Required work => Repeat only the lines from the one containing "Fleurs du passé - flowers from the past" to the final line below, exactly as they read, and leave every picture out.

Information shown =>
[Start of Attachment]

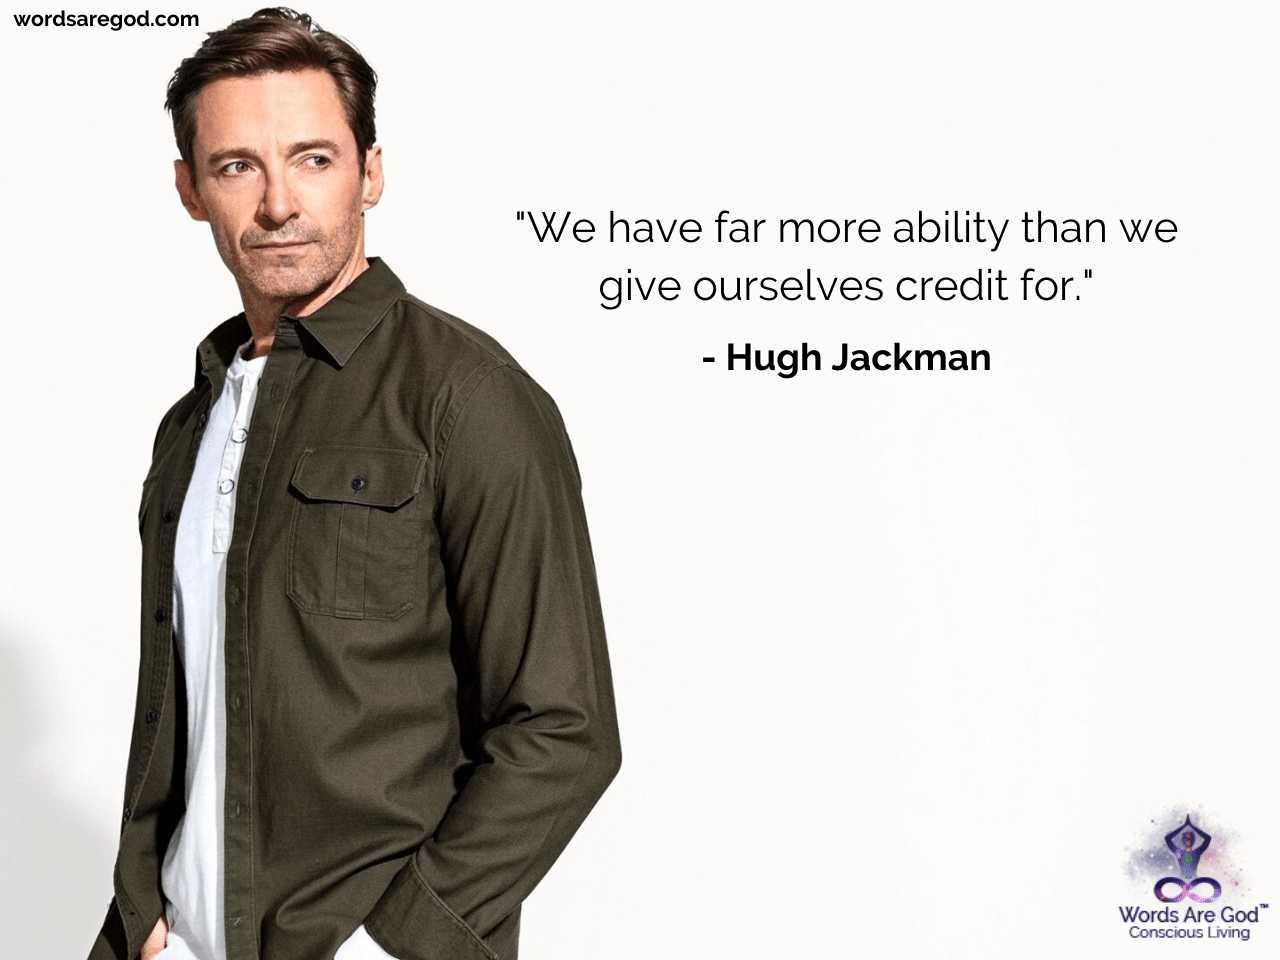 Hugh Jackman Inspirational Quotes by Hugh Jackman
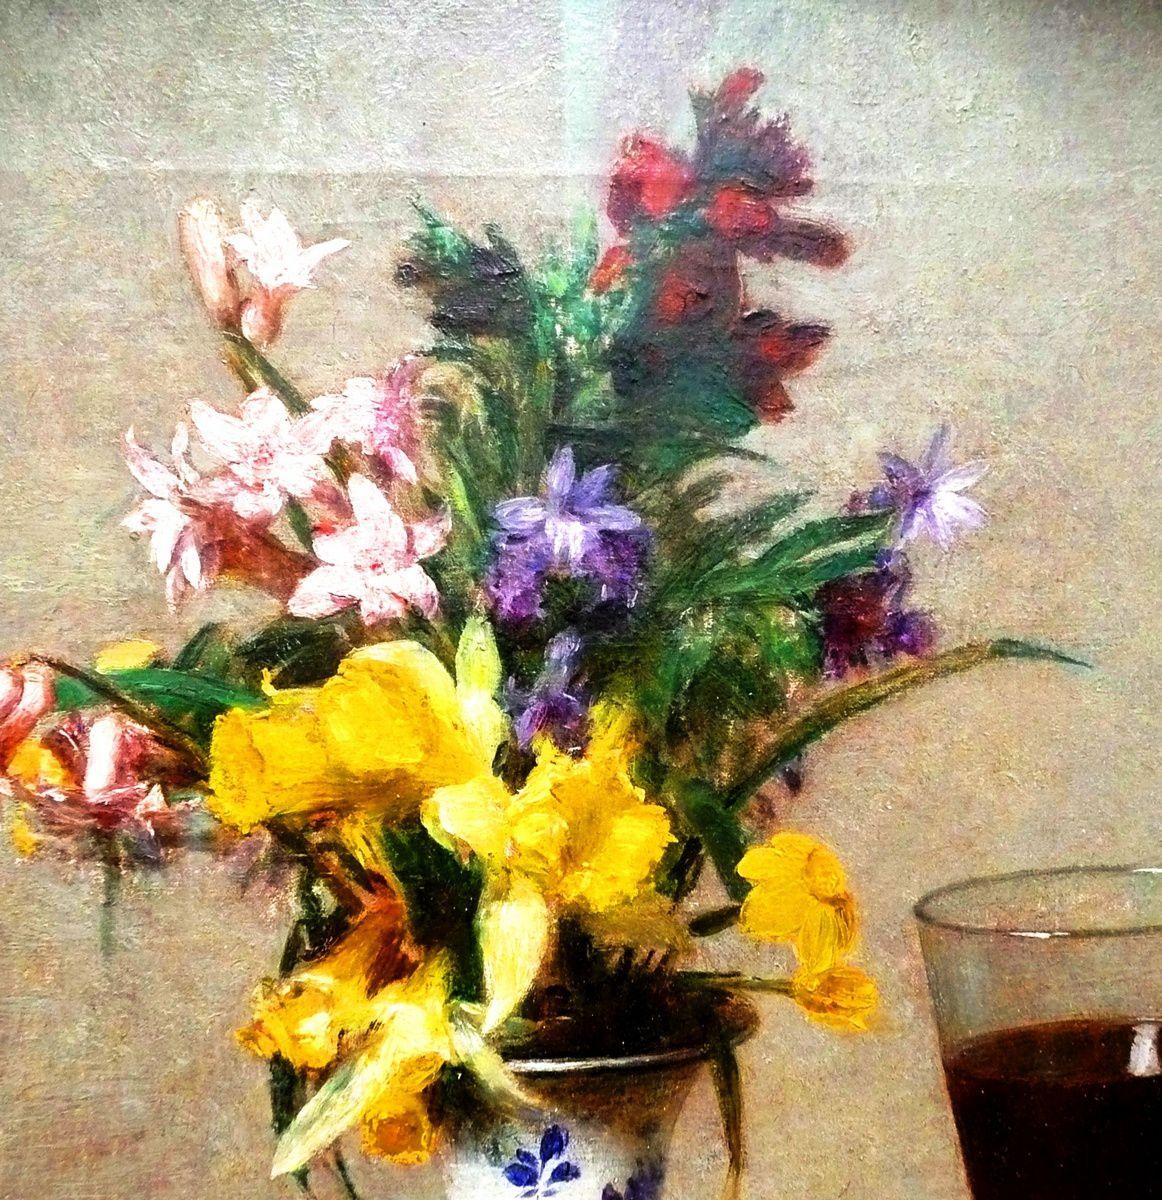 Fleurs du passé - flowers from the past
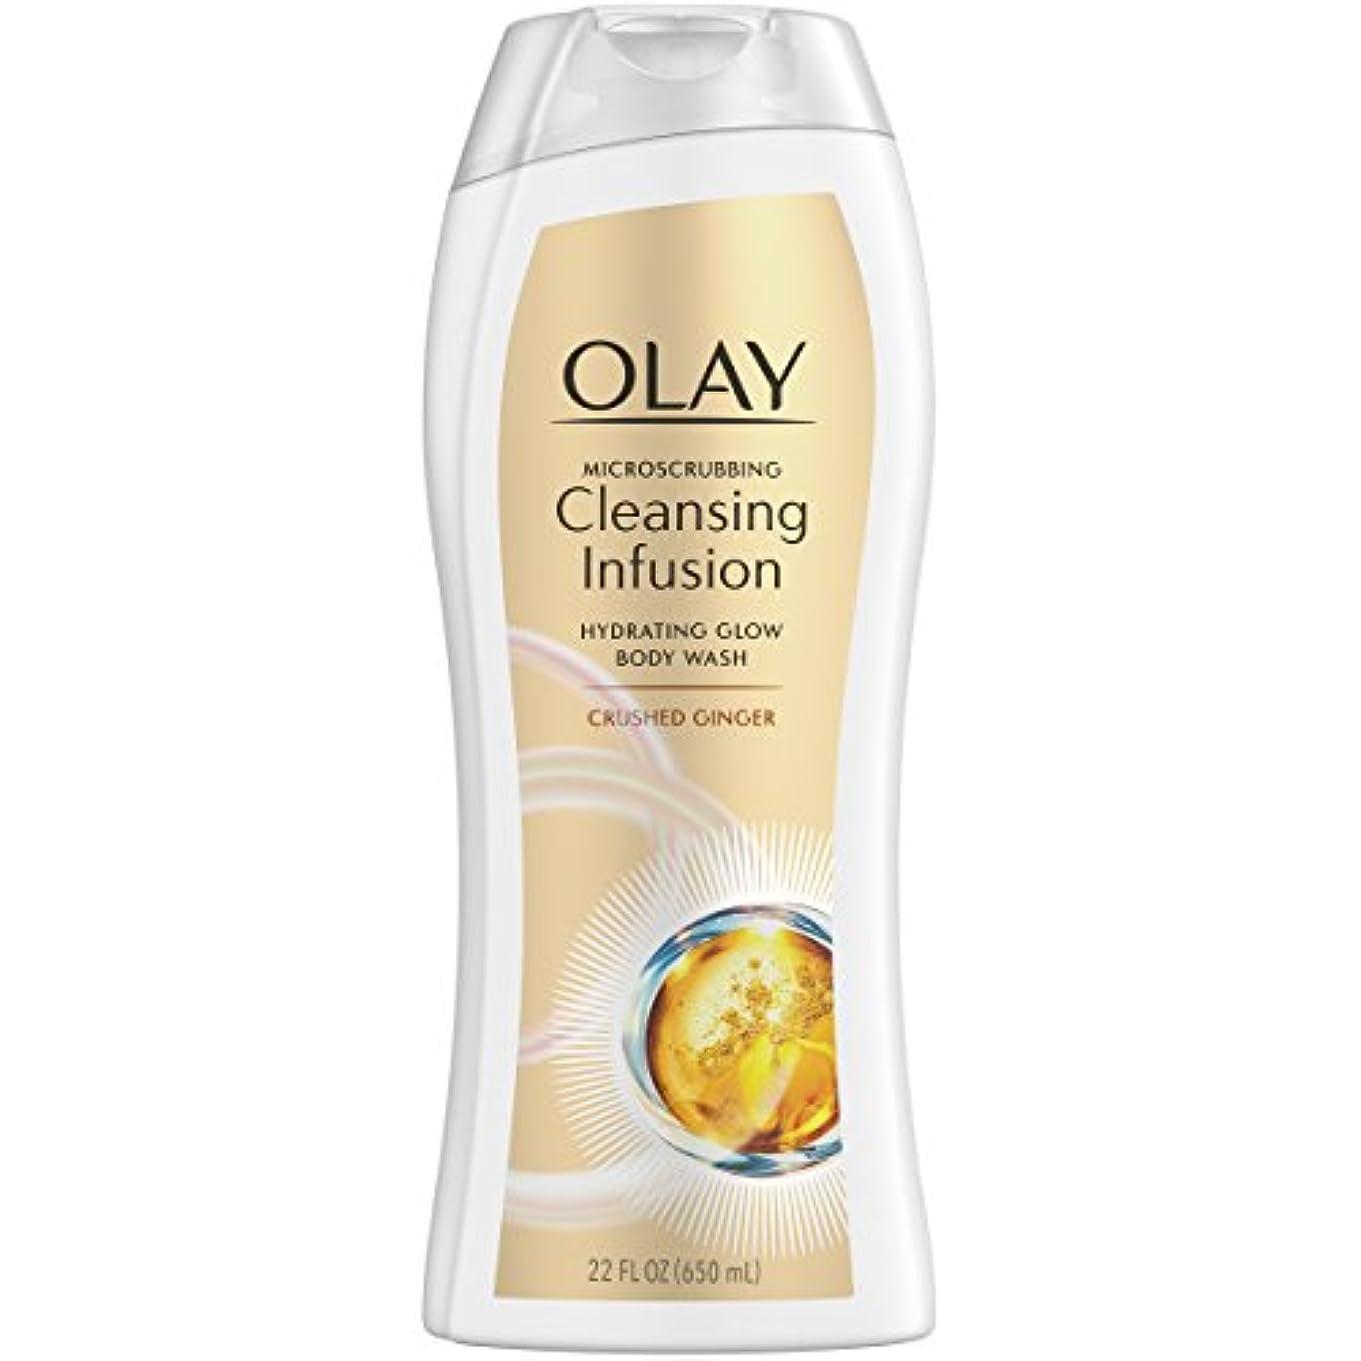 ジェット金属判定Olay Microscrubbingクレンジング注入ボディウォッシュ、砕石ジンジャー、22オンス

[End of Attachment]

Solution for this problem =>
 Fleurs du passé - flowers from the past
 ジェット金属判定Olay Microscrubbingクレンジング注入ボディウォッシュ、砕石ジンジャー、22オンス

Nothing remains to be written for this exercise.